Description of the task —
With pictures left out, copy exactly every line from the one containing "Elmas Takı Araçları" through the end of the material.

*** Opening Data block ***

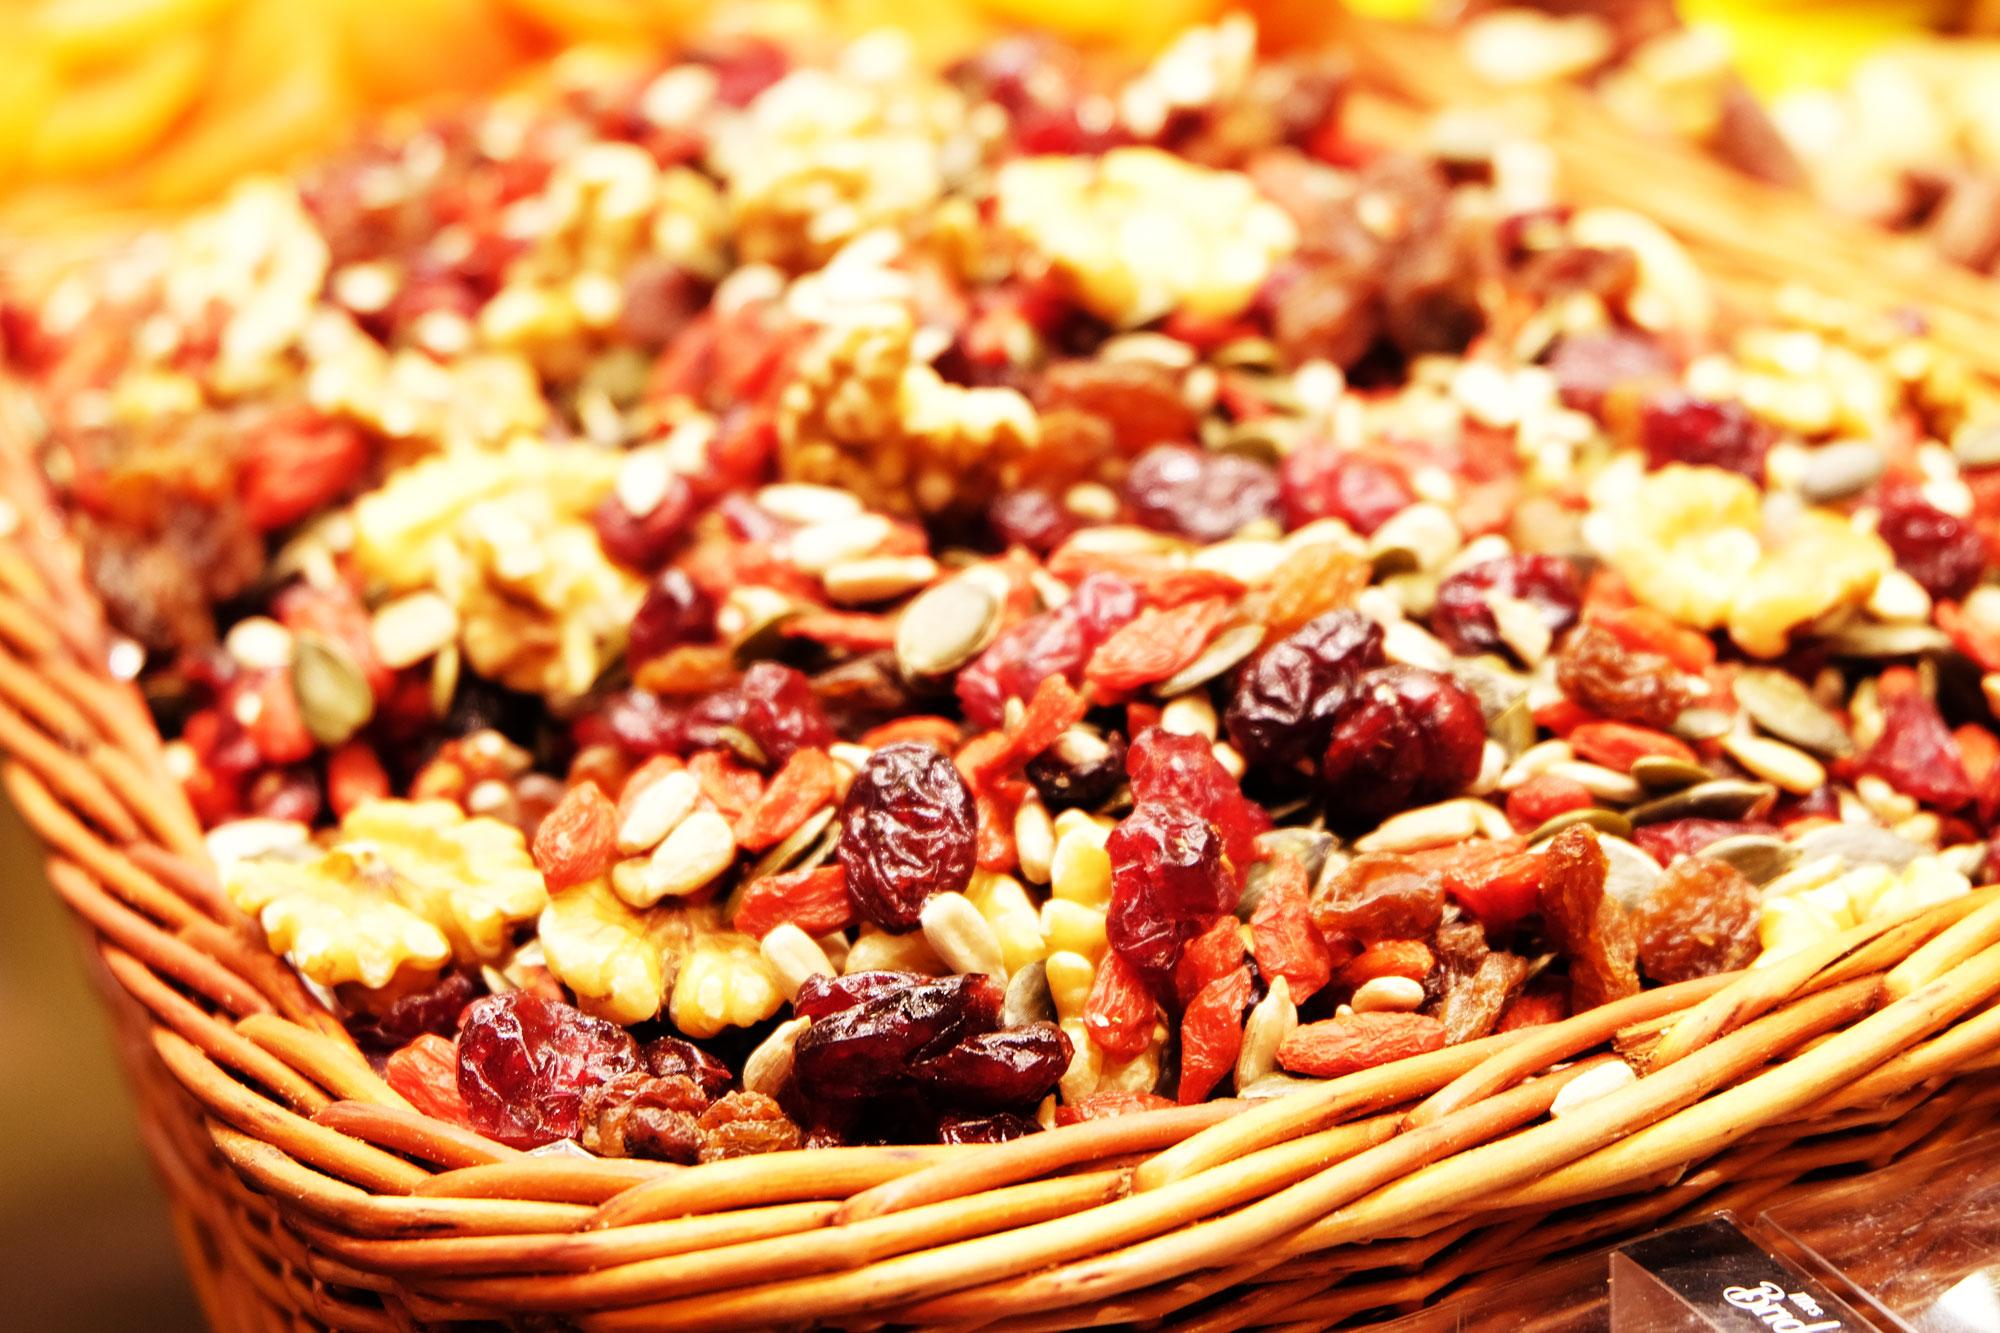 mercato-bouqueria-frutta-secca
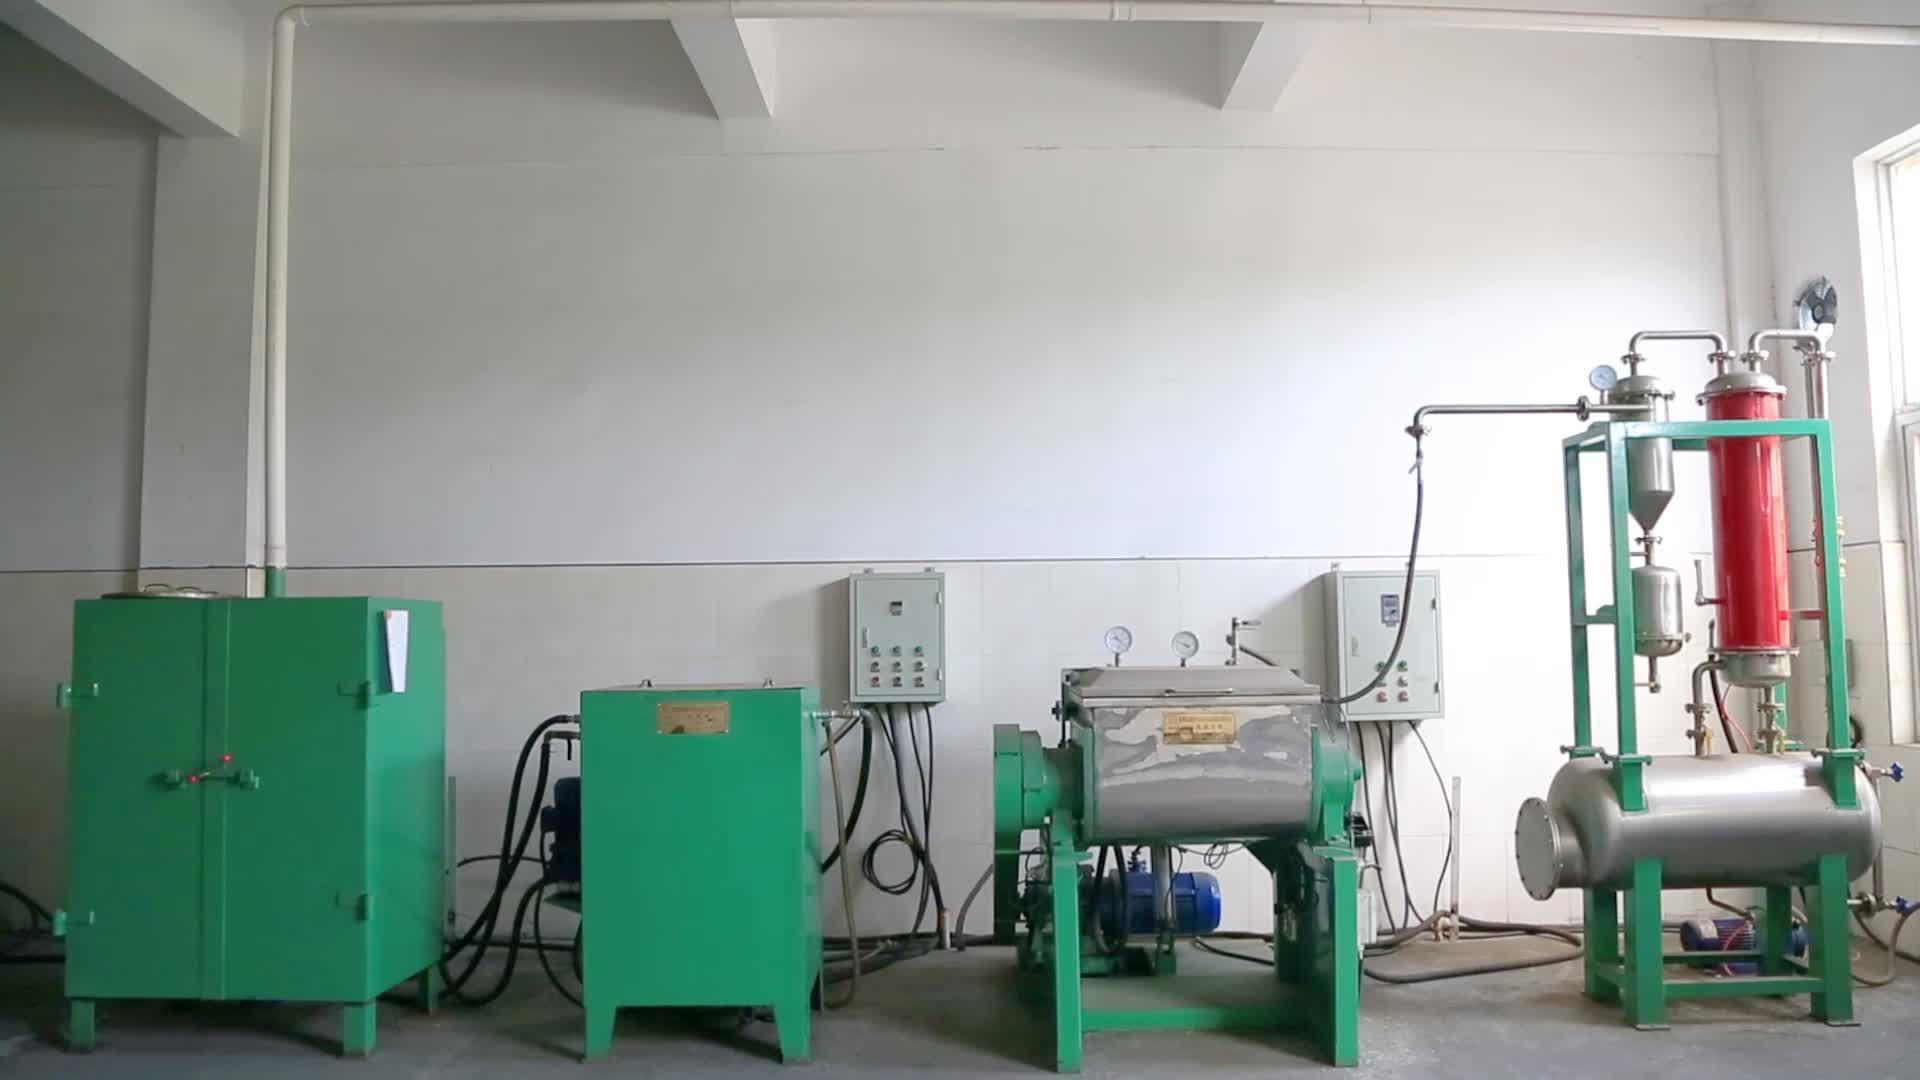 Elmas Takı Araçları Yapımı Tungsten Karbür Örs Sentetik Elmas Için Presleme Makinesi
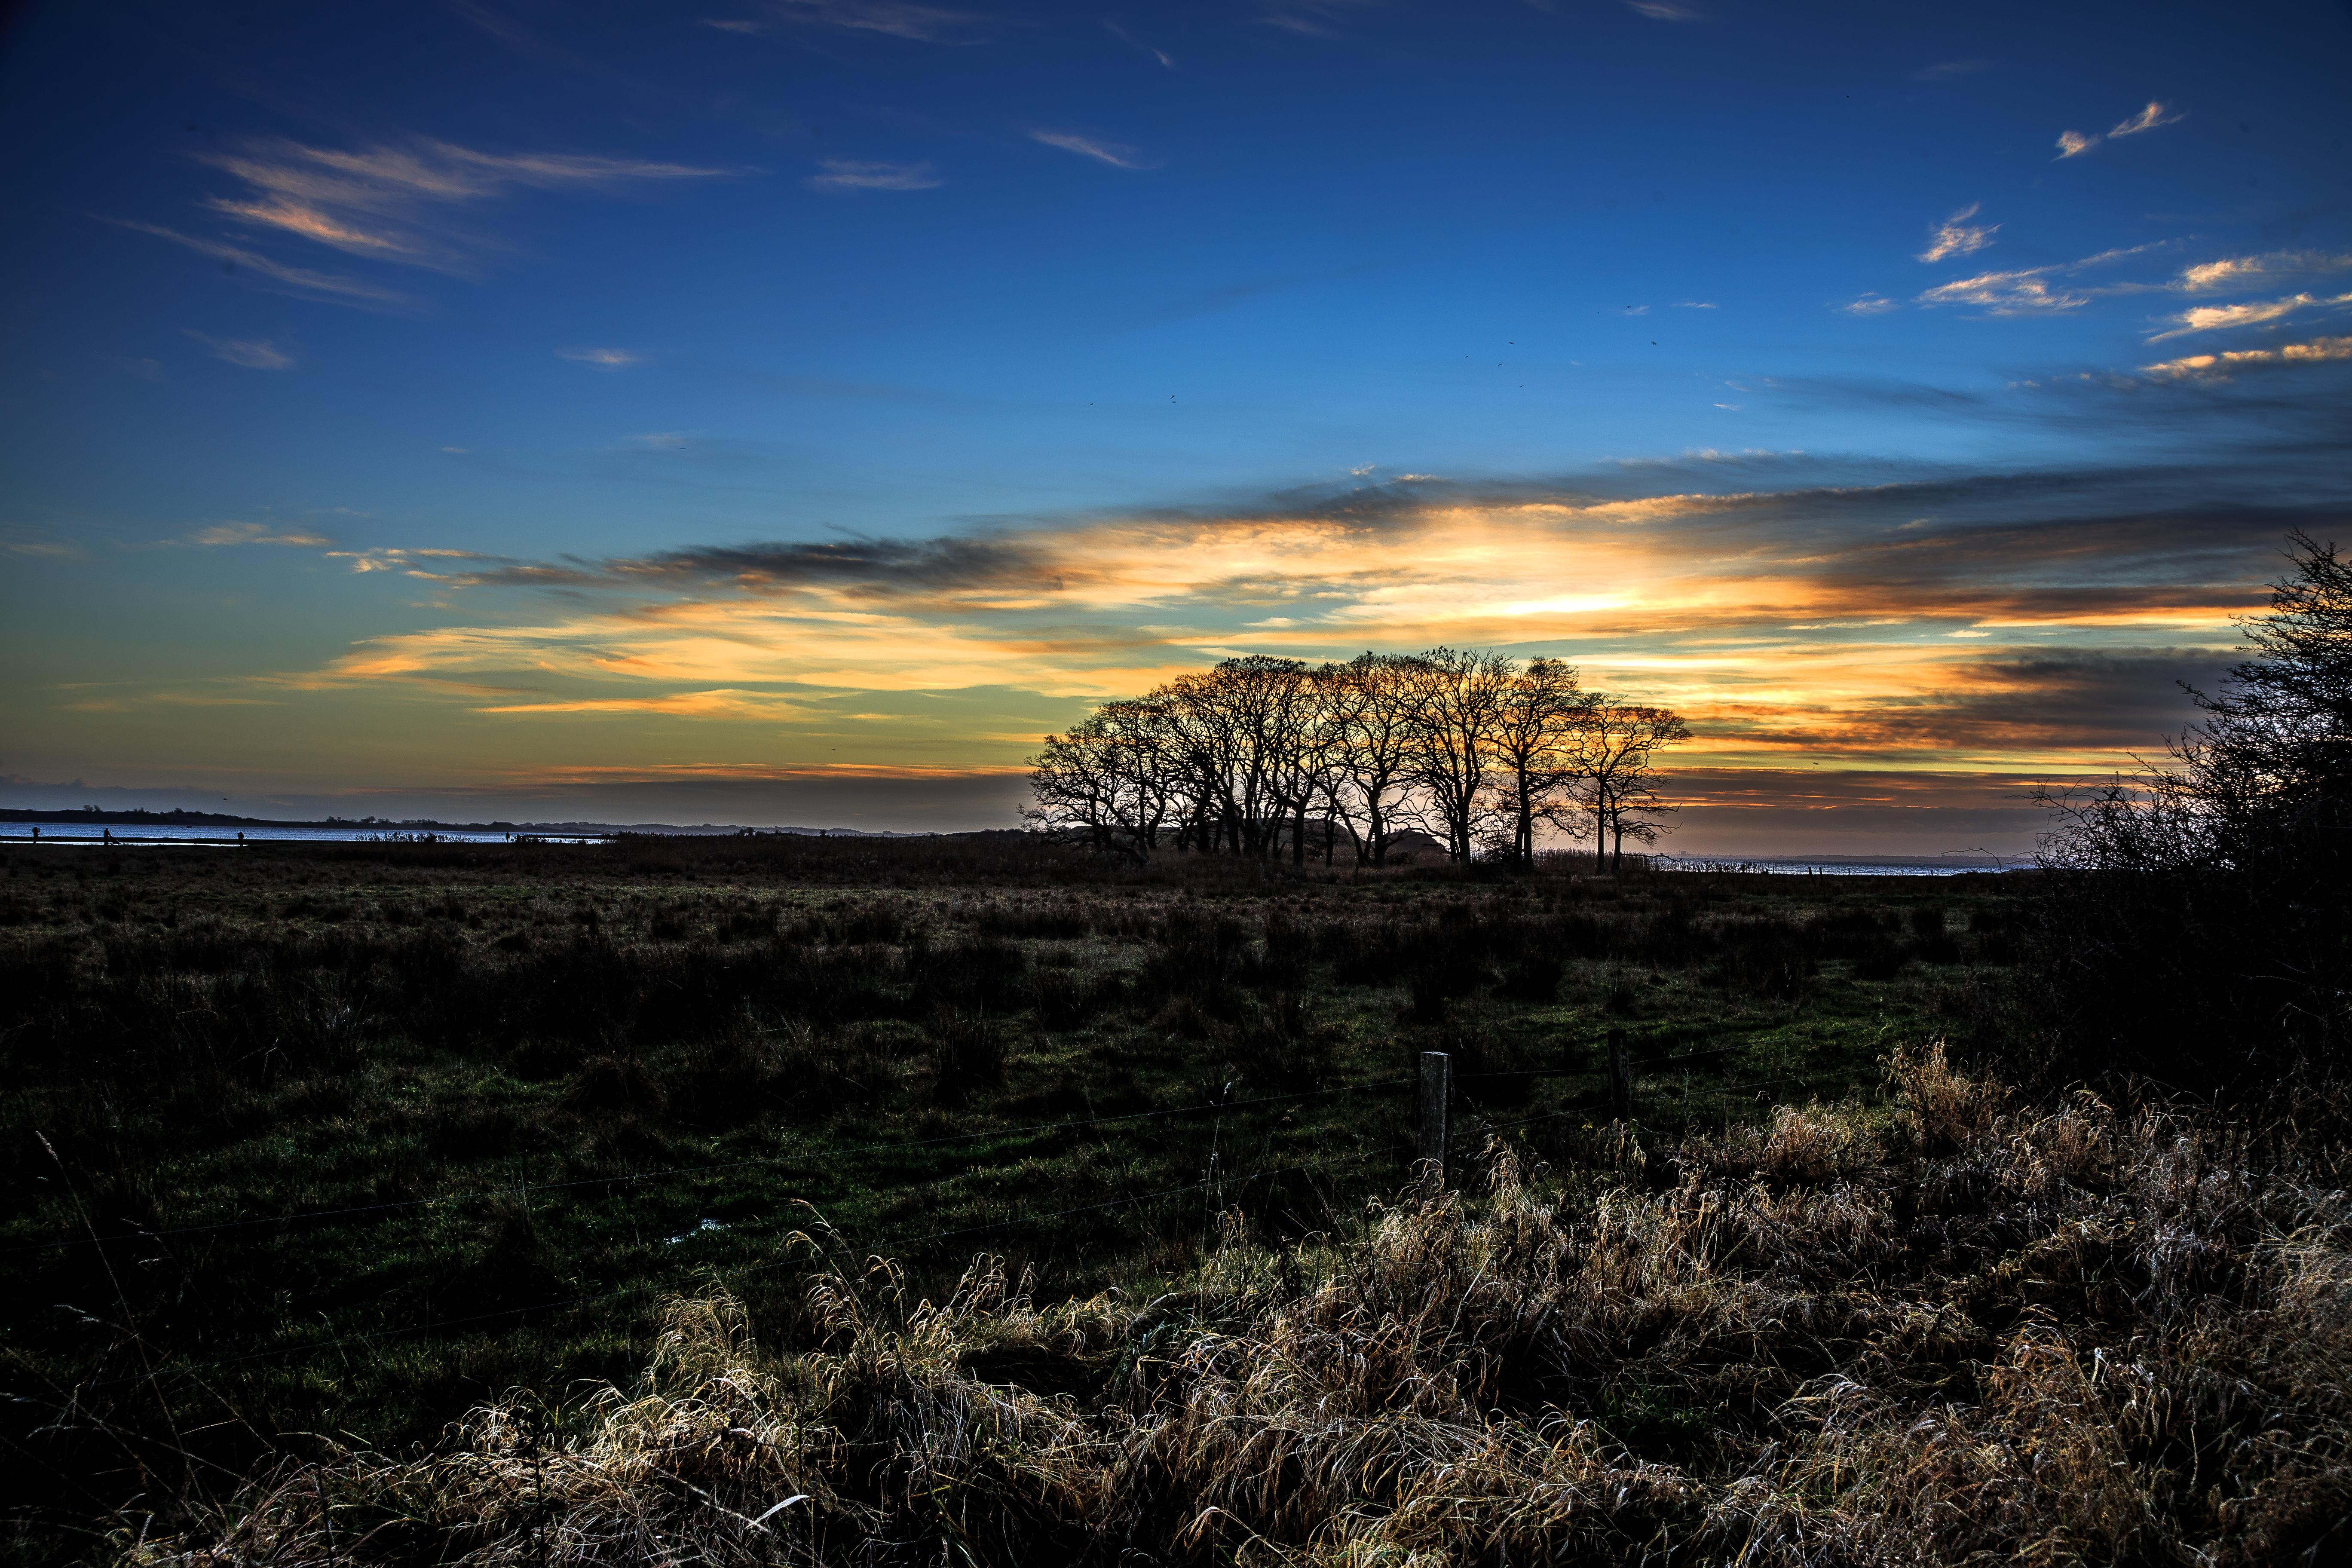 solnedgang_kaloe_roende_-_henrik_elstrup.jpg

*** Closing Data block ***

Expected answer —
 Elmas Takı Araçları Yapımı Tungsten Karbür Örs Sentetik Elmas Için Presleme Makinesi
 solnedgang_kaloe_roende_-_henrik_elstrup.jpg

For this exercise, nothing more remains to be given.